» Exercise:
Without any of its pictures, the listing below should be output exactly.

» Supplied data:

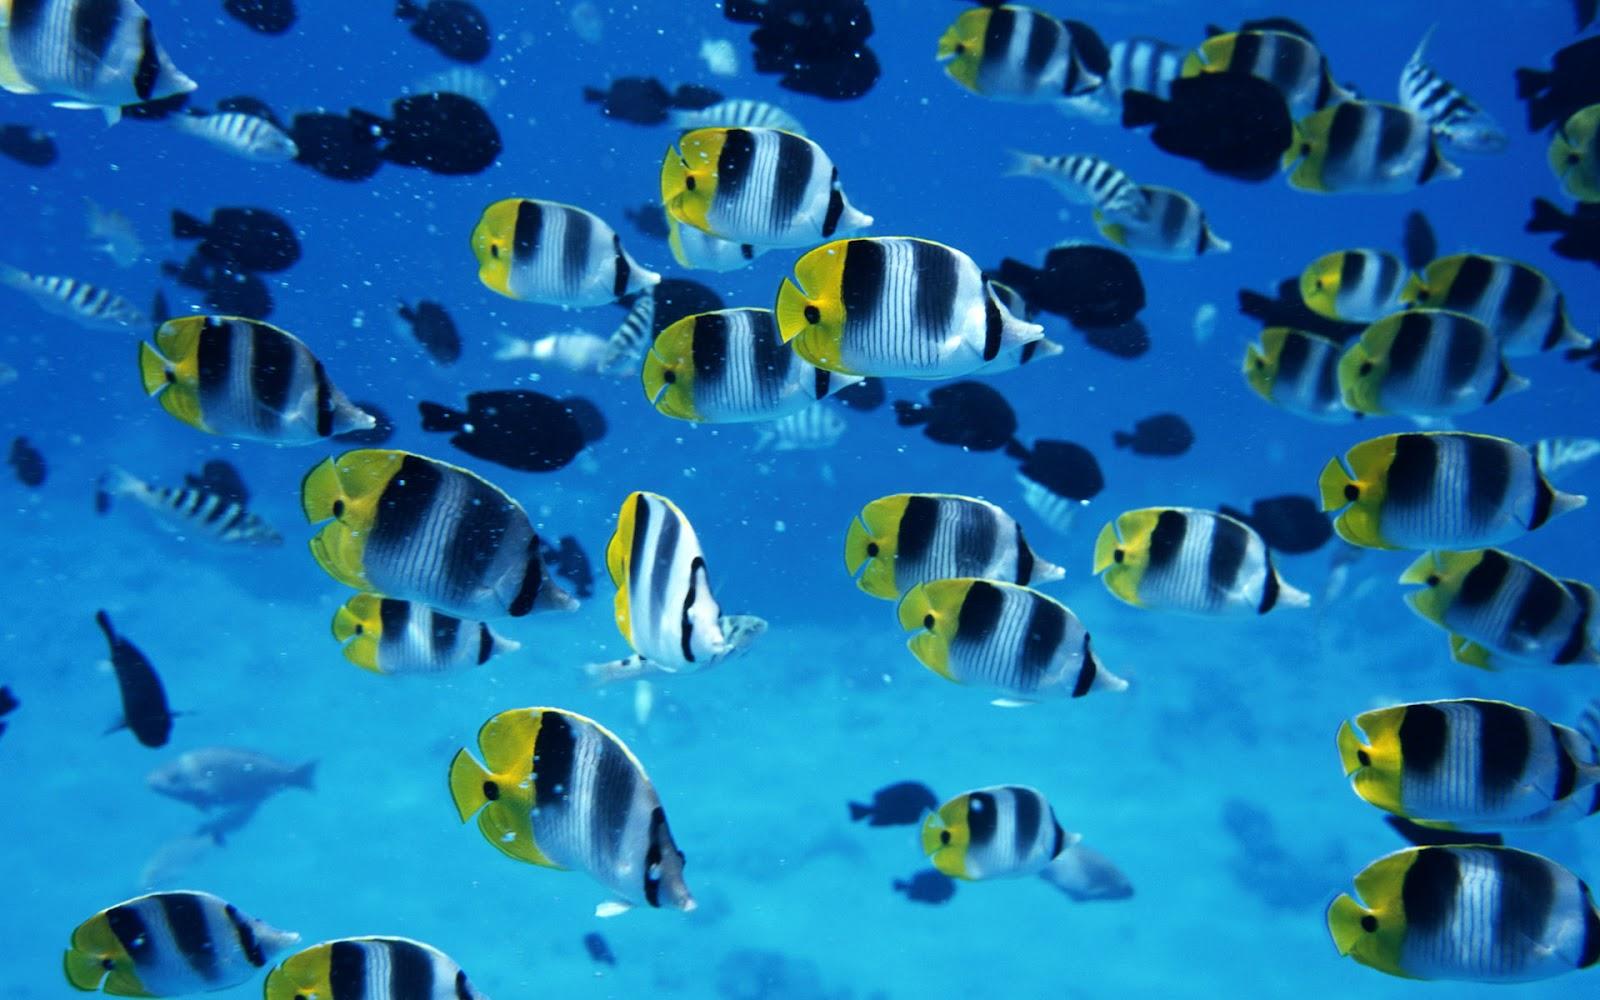 Wallpaper backgrounds l desktop wallpapers l download for Big fish in the ocean
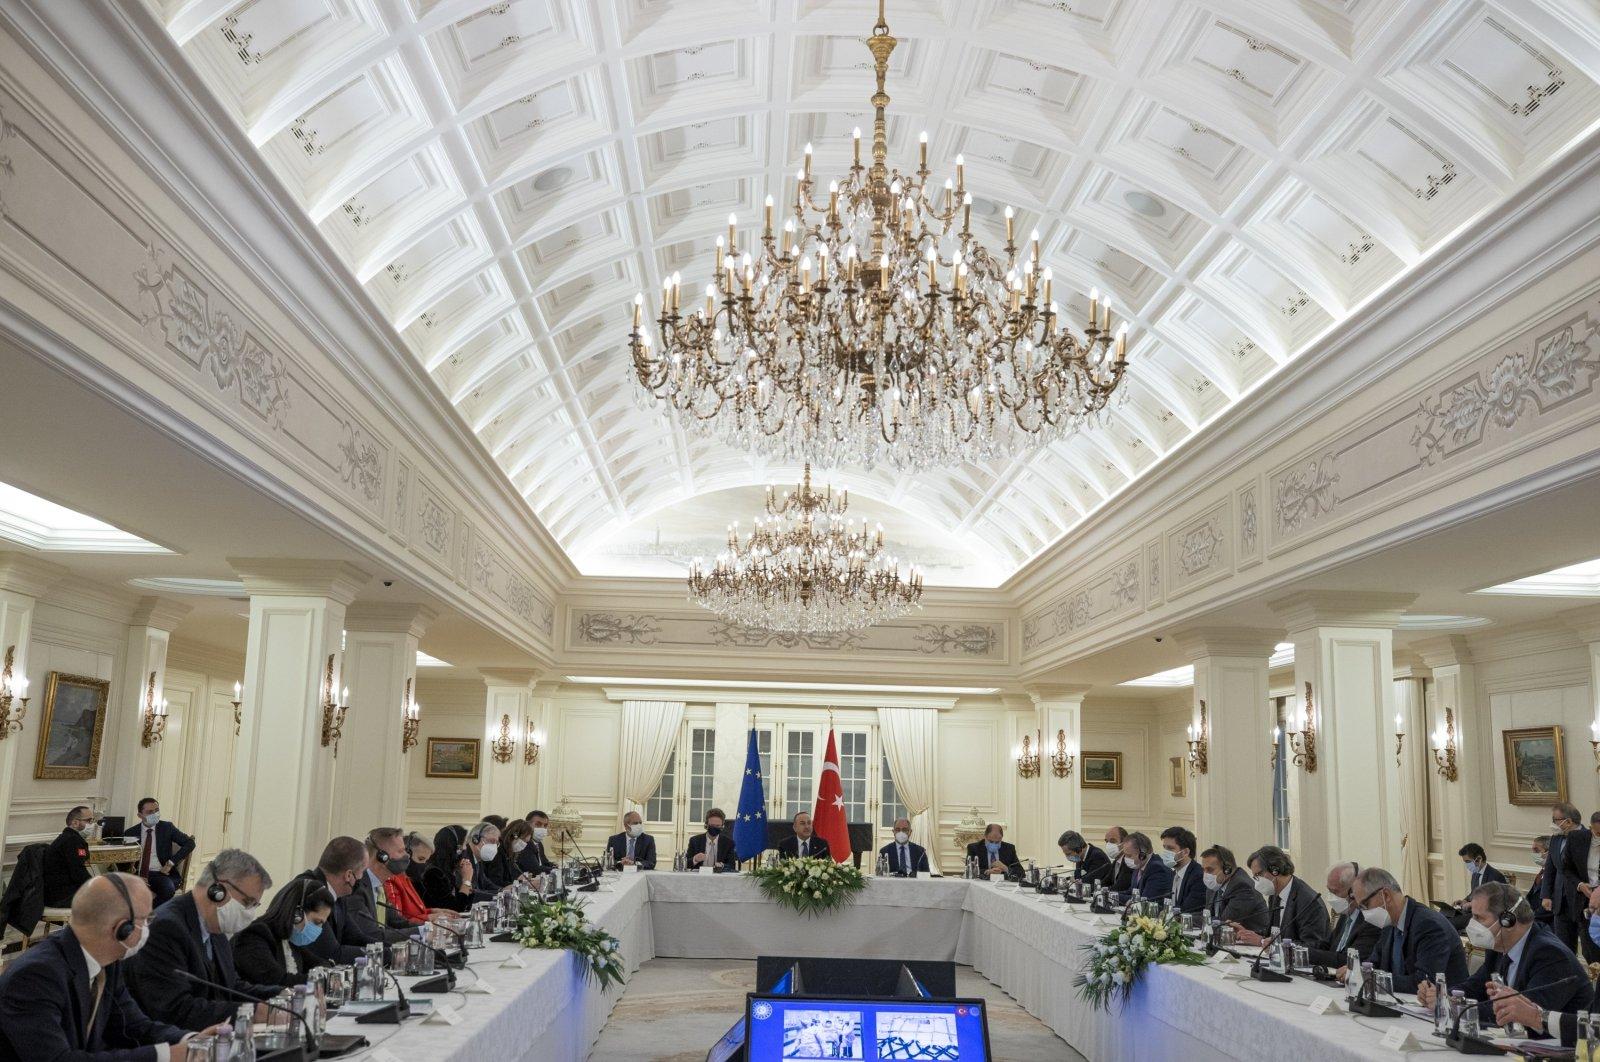 Foreign Minister Mevlüt Çavuşoğlu (C) holds a meeting with European Union ambassadors in the capital Ankara, Turkey, Jan. 12, 2021. (AA Photo)
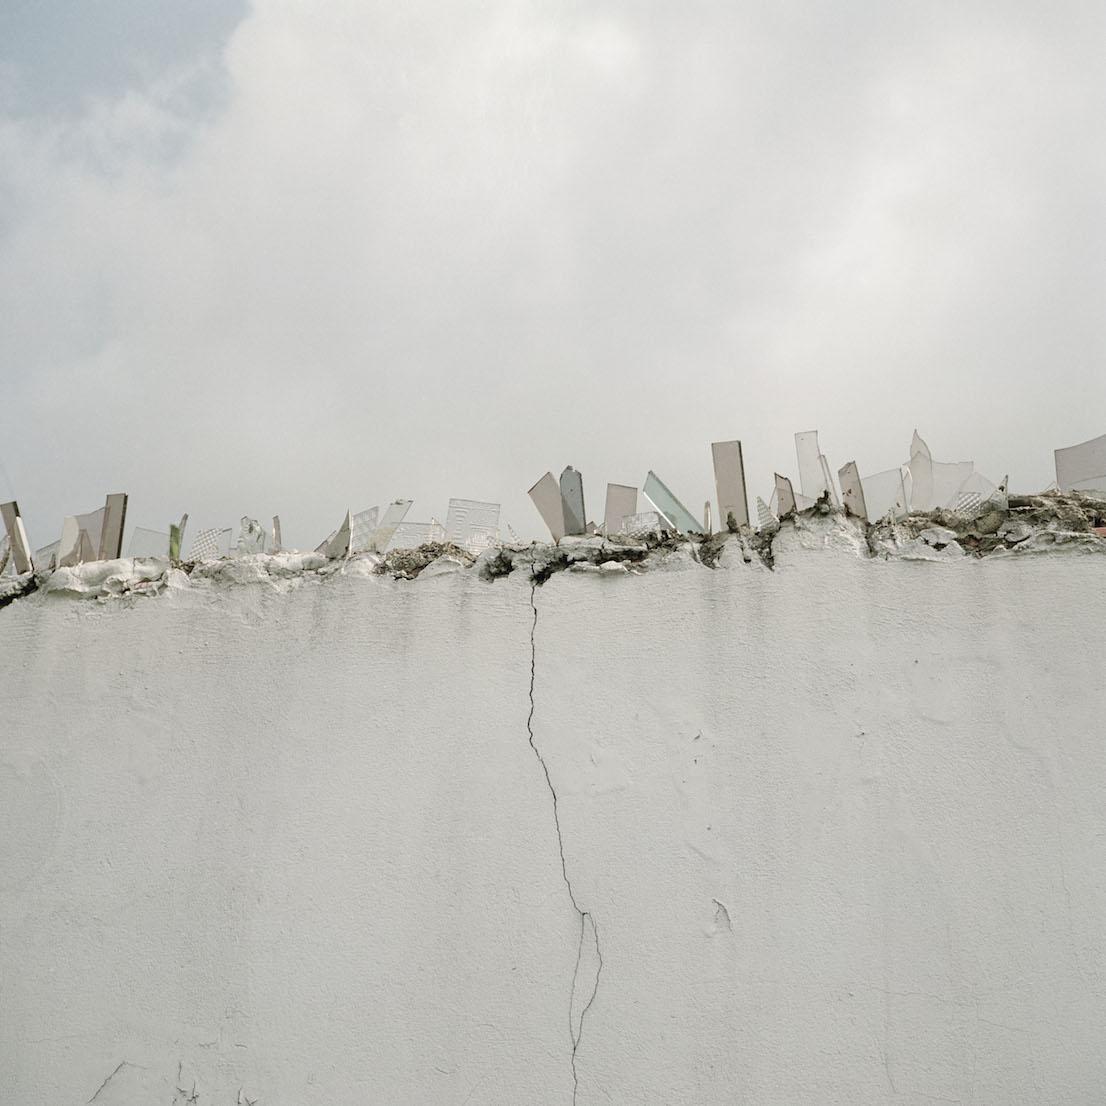 Alec Soth, Untitled 25, Bogotá (broken glass wall), 2003.

» Result of the task:
 Wallpaper backgrounds l desktop wallpapers l download for Big fish in the ocean
 Foreign Minister Mevlüt Çavuşoğlu (C) holds a meeting with European Union ambassadors in the capital Ankara, Turkey, Jan. 12, 2021. (AA Photo)
 Alec Soth, Untitled 25, Bogotá (broken glass wall), 2003.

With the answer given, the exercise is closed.